Context matters, though. In that study, naturally very low LDL in the general population may reflect underlying illness, malnutrition, or genetic conditions rather than healthy lipid levels. People who start with elevated LDL and lower it through treatment show clear benefits. Current guidelines recommend getting LDL below 70 mg/dL for people with established heart disease, and below 55 mg/dL for those at very high risk (defined as people who’ve had multiple cardiovascular events or a combination of a major event plus additional risk factors like diabetes, smoking, or age over 65). These targets are based on trial data showing fewer heart attacks and strokes at those levels.

What This Means for You

If you’ve encountered claims that cholesterol is irrelevant to heart disease, the evidence says otherwise. LDL particles are a direct, causal driver of the arterial damage that leads to heart attacks and strokes. The relationship is dose-dependent and time-dependent: the higher your LDL and the longer it stays elevated, the more cumulative damage it does.

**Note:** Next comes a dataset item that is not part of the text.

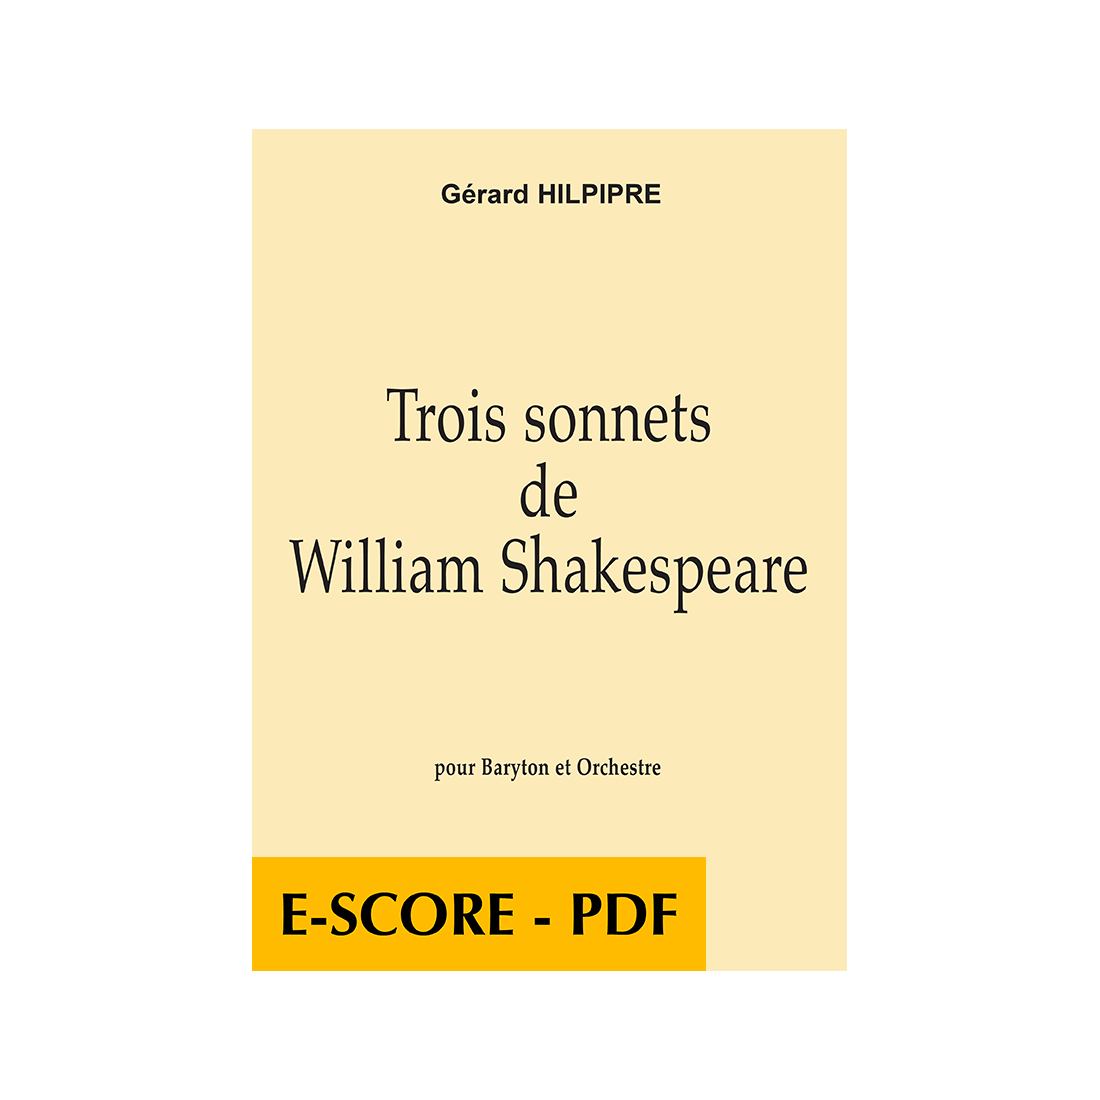 Three sonnets of William Shakespeare for baritone and orchestra (FULL SCORE) - E-Score PDF

Where the conversation deserves more nuance is in how cholesterol is measured. A standard LDL number is useful but imperfect. If you want a sharper picture of your cardiovascular risk, asking about apoB testing gives you a more accurate count of the particles that actually matter. People with metabolic syndrome, insulin resistance, or high triglycerides are especially likely to have a mismatch between their LDL cholesterol reading and their true particle-driven risk.

The “cholesterol is a myth” narrative takes real gaps in how we measure and communicate cholesterol risk and stretches them into a wholesale rejection of decades of converging evidence. The science isn’t perfect, and individual risk is more complex than a single number on a lab report. But the core relationship between LDL and heart disease is as well-established as anything in cardiovascular medicine.